----- Data -----
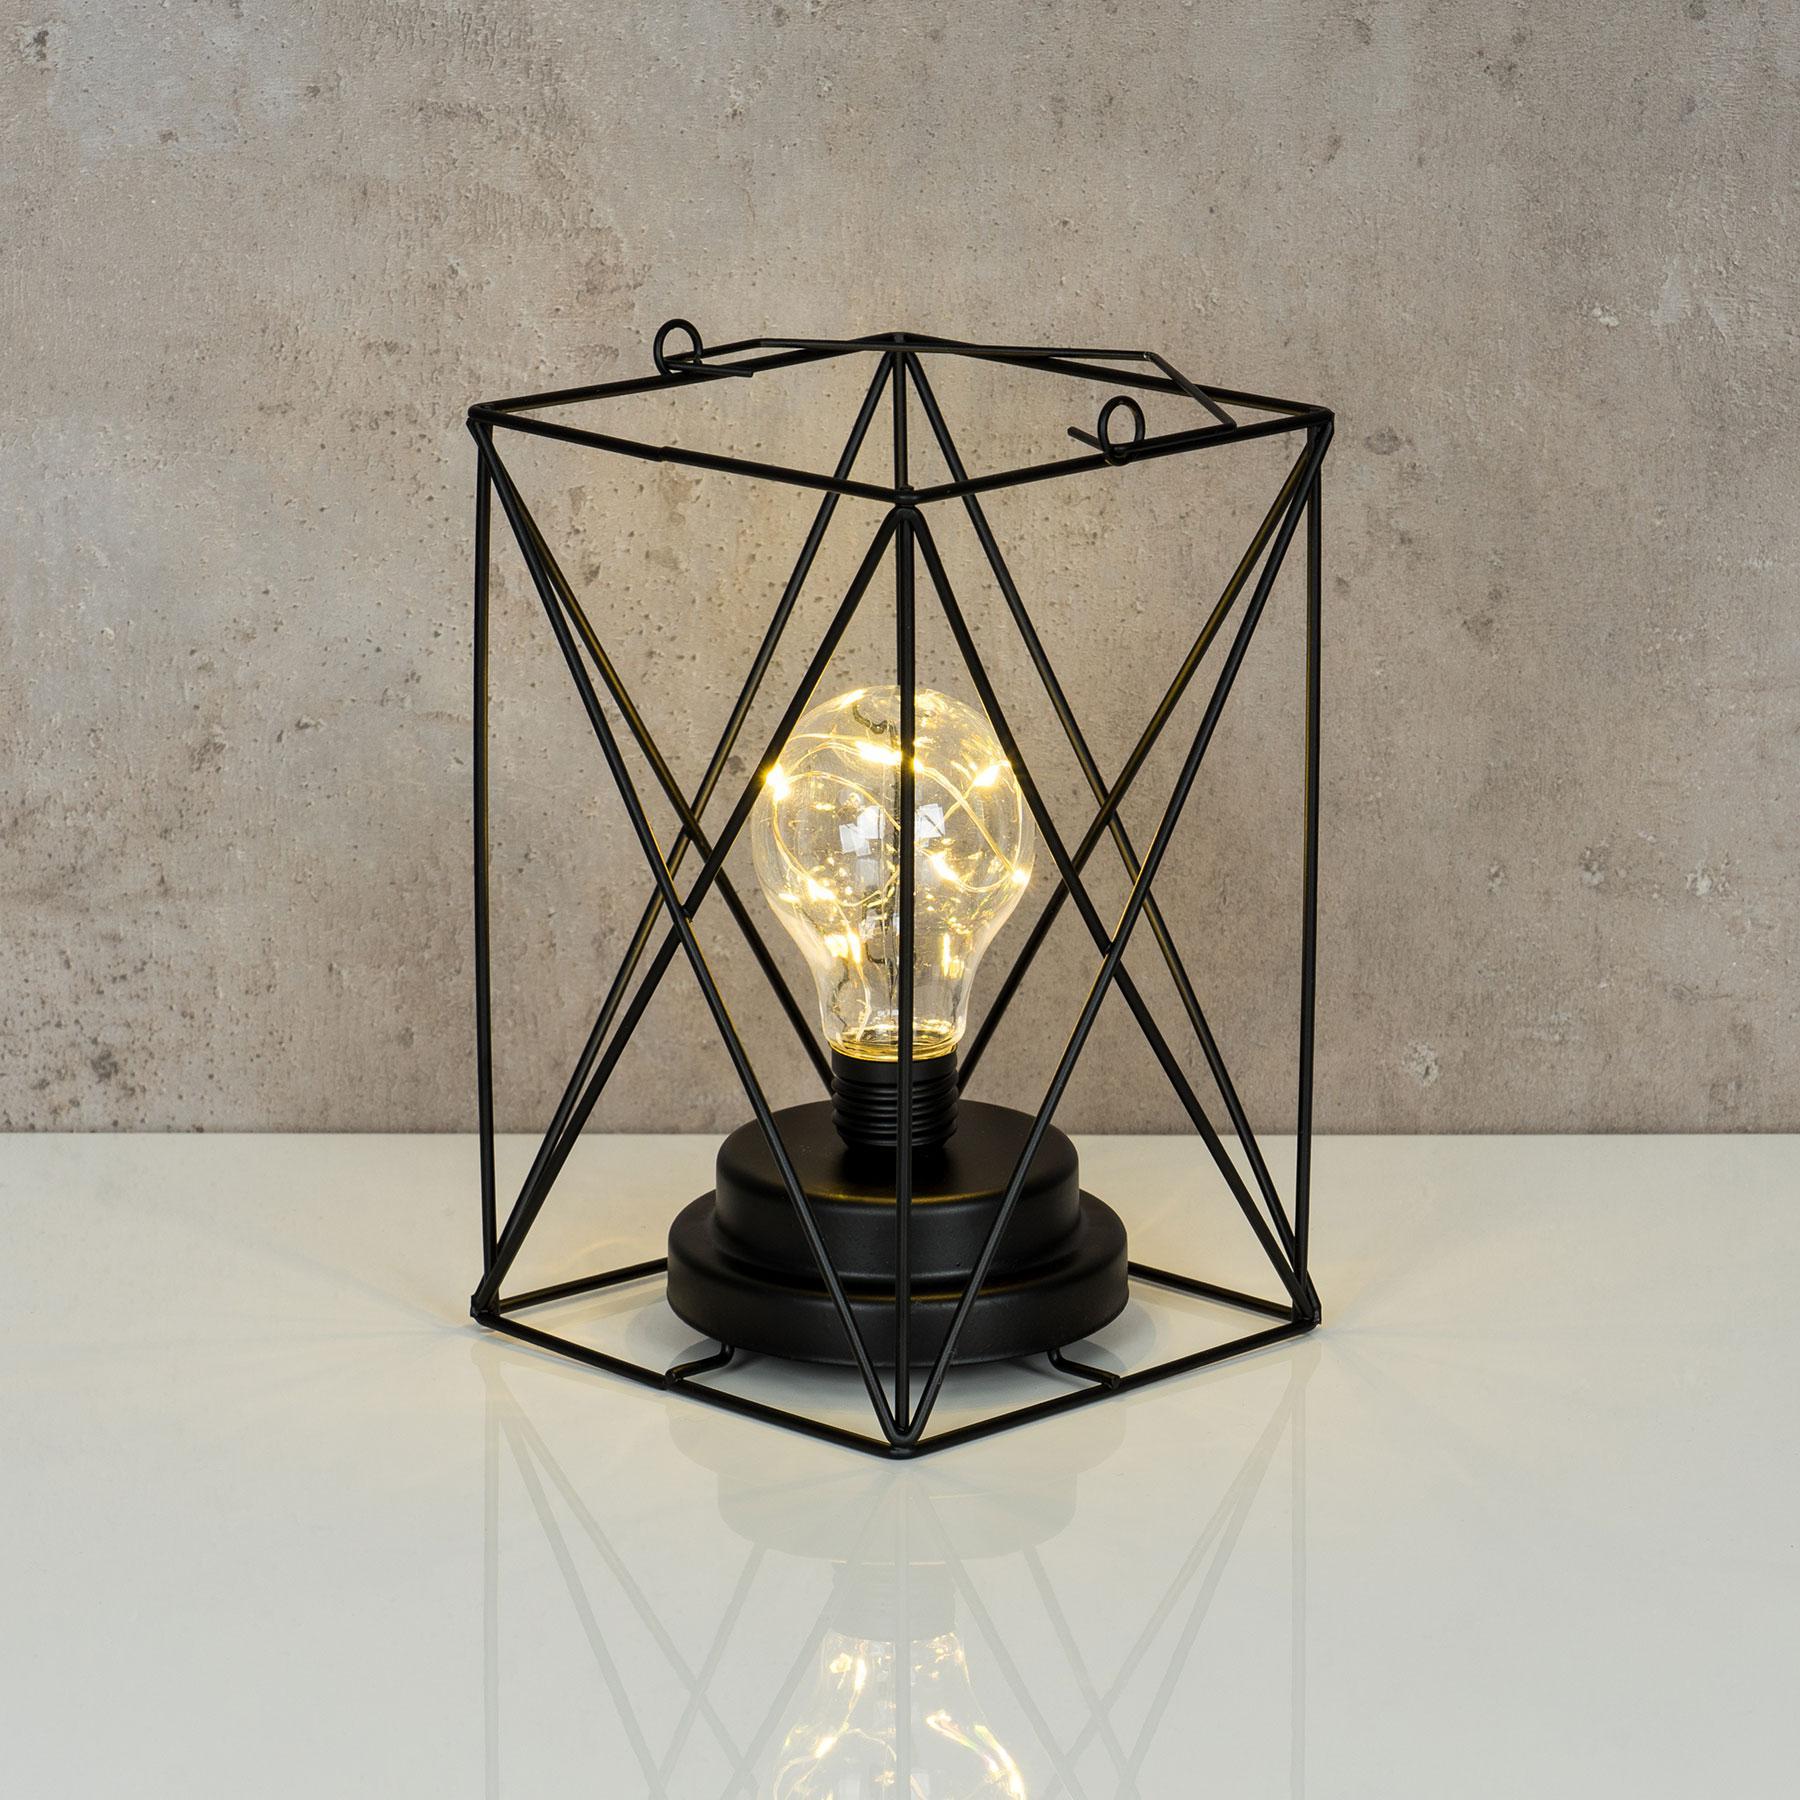 Lampe Metall Vintage
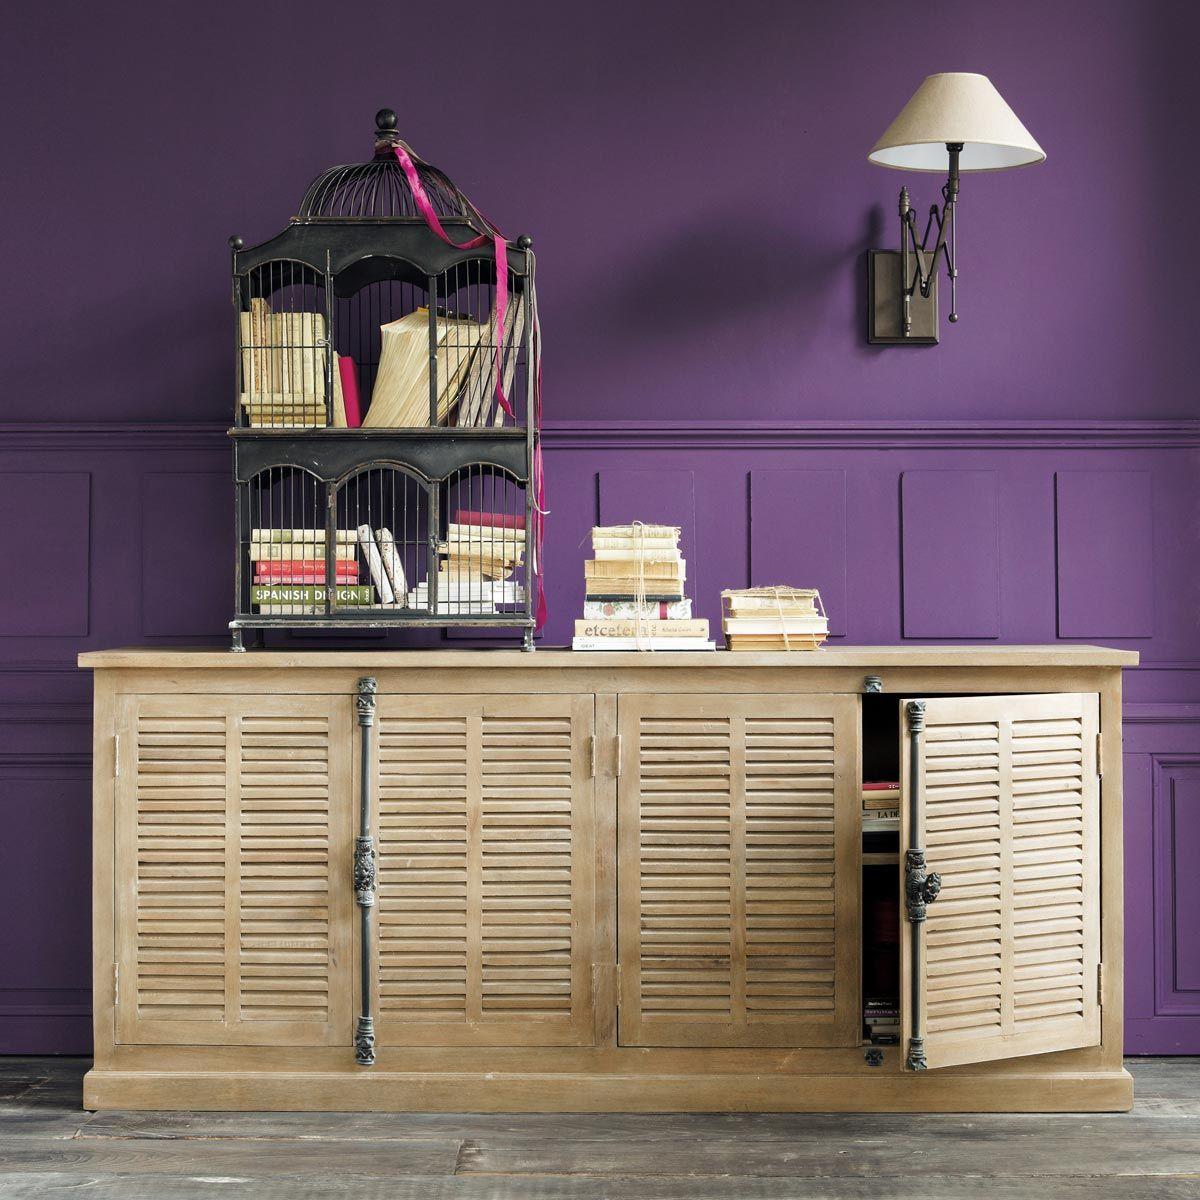 les livres ne pourront pas s 39 envoler bien rang s dans cette cage home d co pinterest. Black Bedroom Furniture Sets. Home Design Ideas
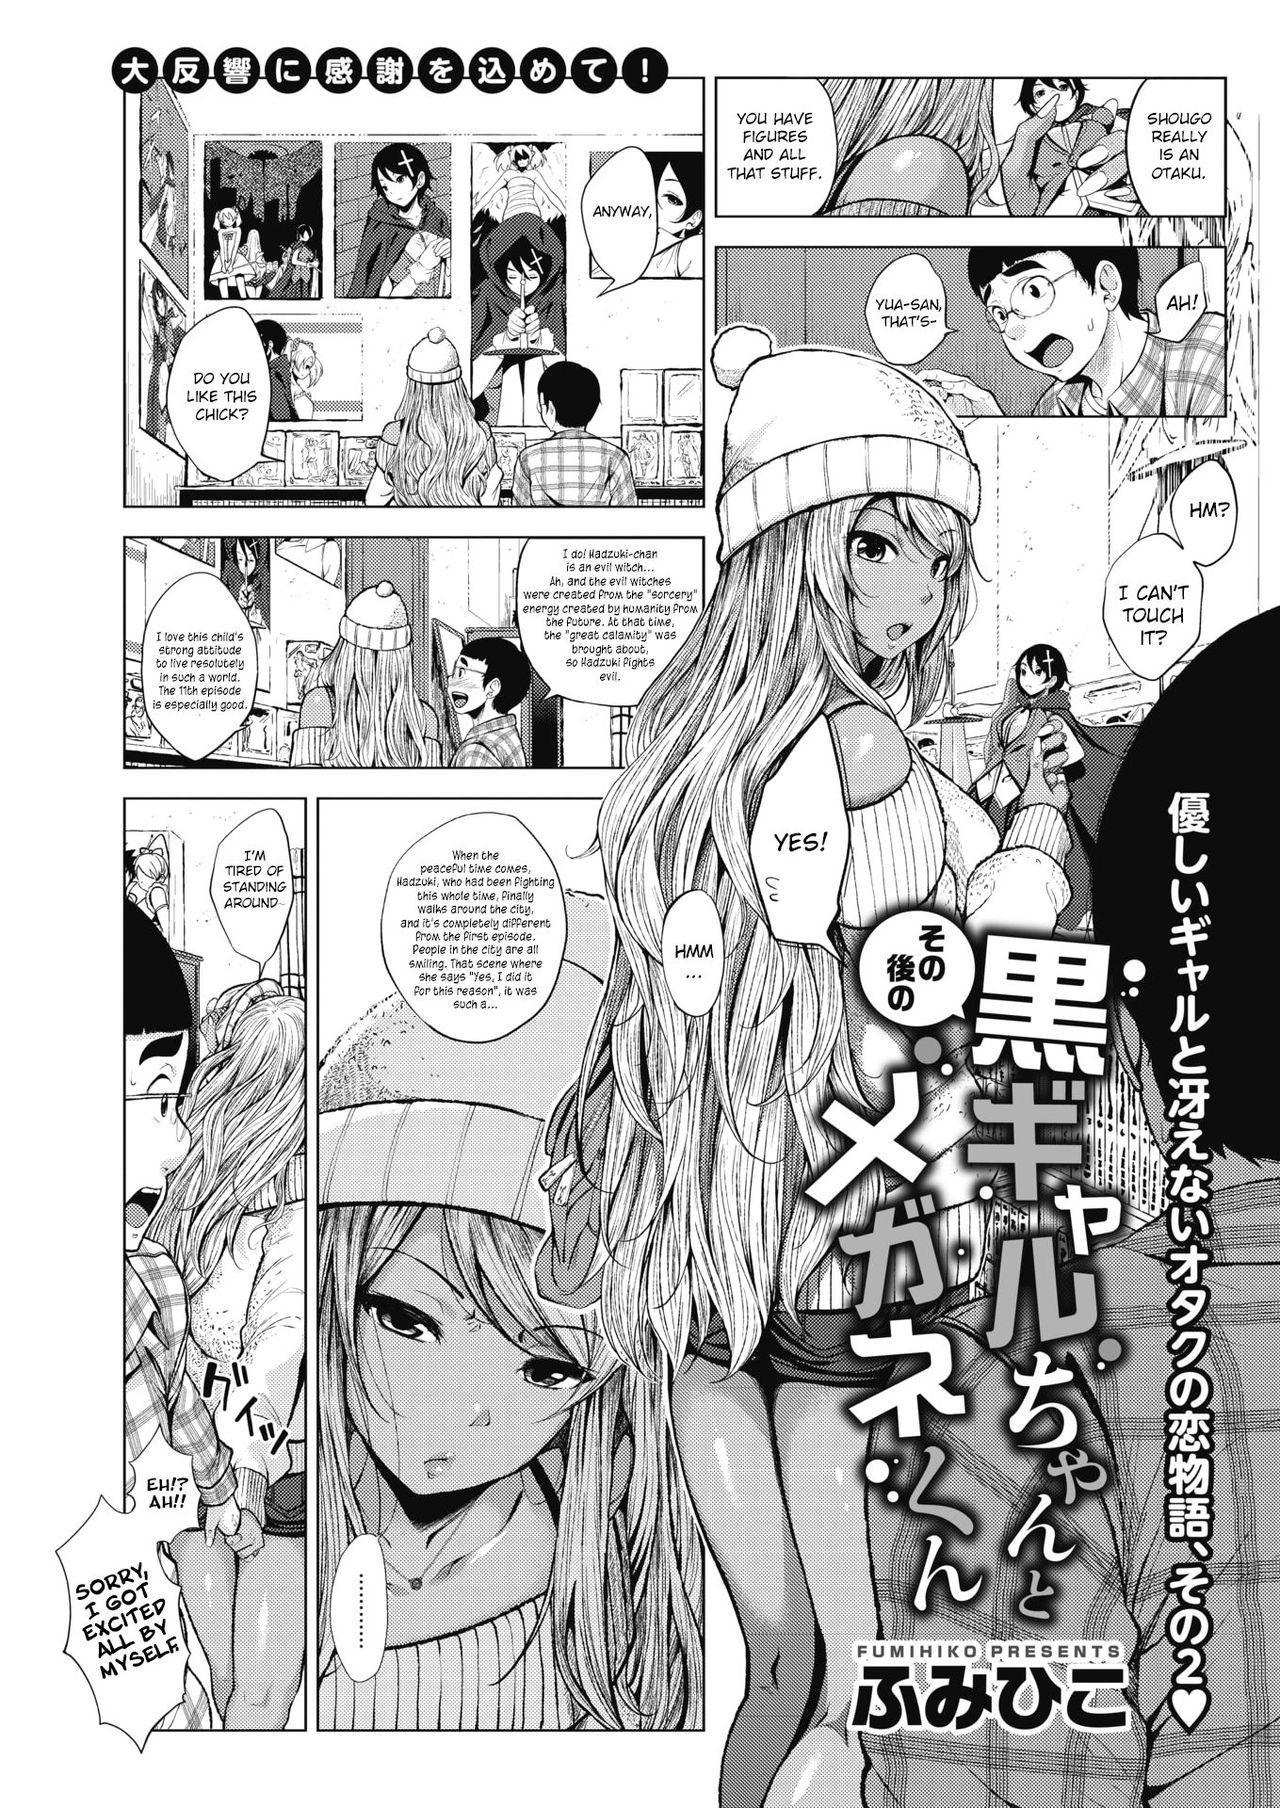 [Fumihiko] Sonogo no Kuro Gal-chan to Megane-kun (COMIC HOTMILK 2018-05) [English] [CrowKarasu] [Digital] 0
-----
__Requirement__:
All lines from the one containing "les livres ne" through the end of the data are to be written out exactly, with nothing added; skip the pictures.

__Response area__:
 les livres ne pourront pas s 39 envoler bien rang s dans cette cage home d co pinterest. Black Bedroom Furniture Sets. Home Design Ideas
 [Fumihiko] Sonogo no Kuro Gal-chan to Megane-kun (COMIC HOTMILK 2018-05) [English] [CrowKarasu] [Digital] 0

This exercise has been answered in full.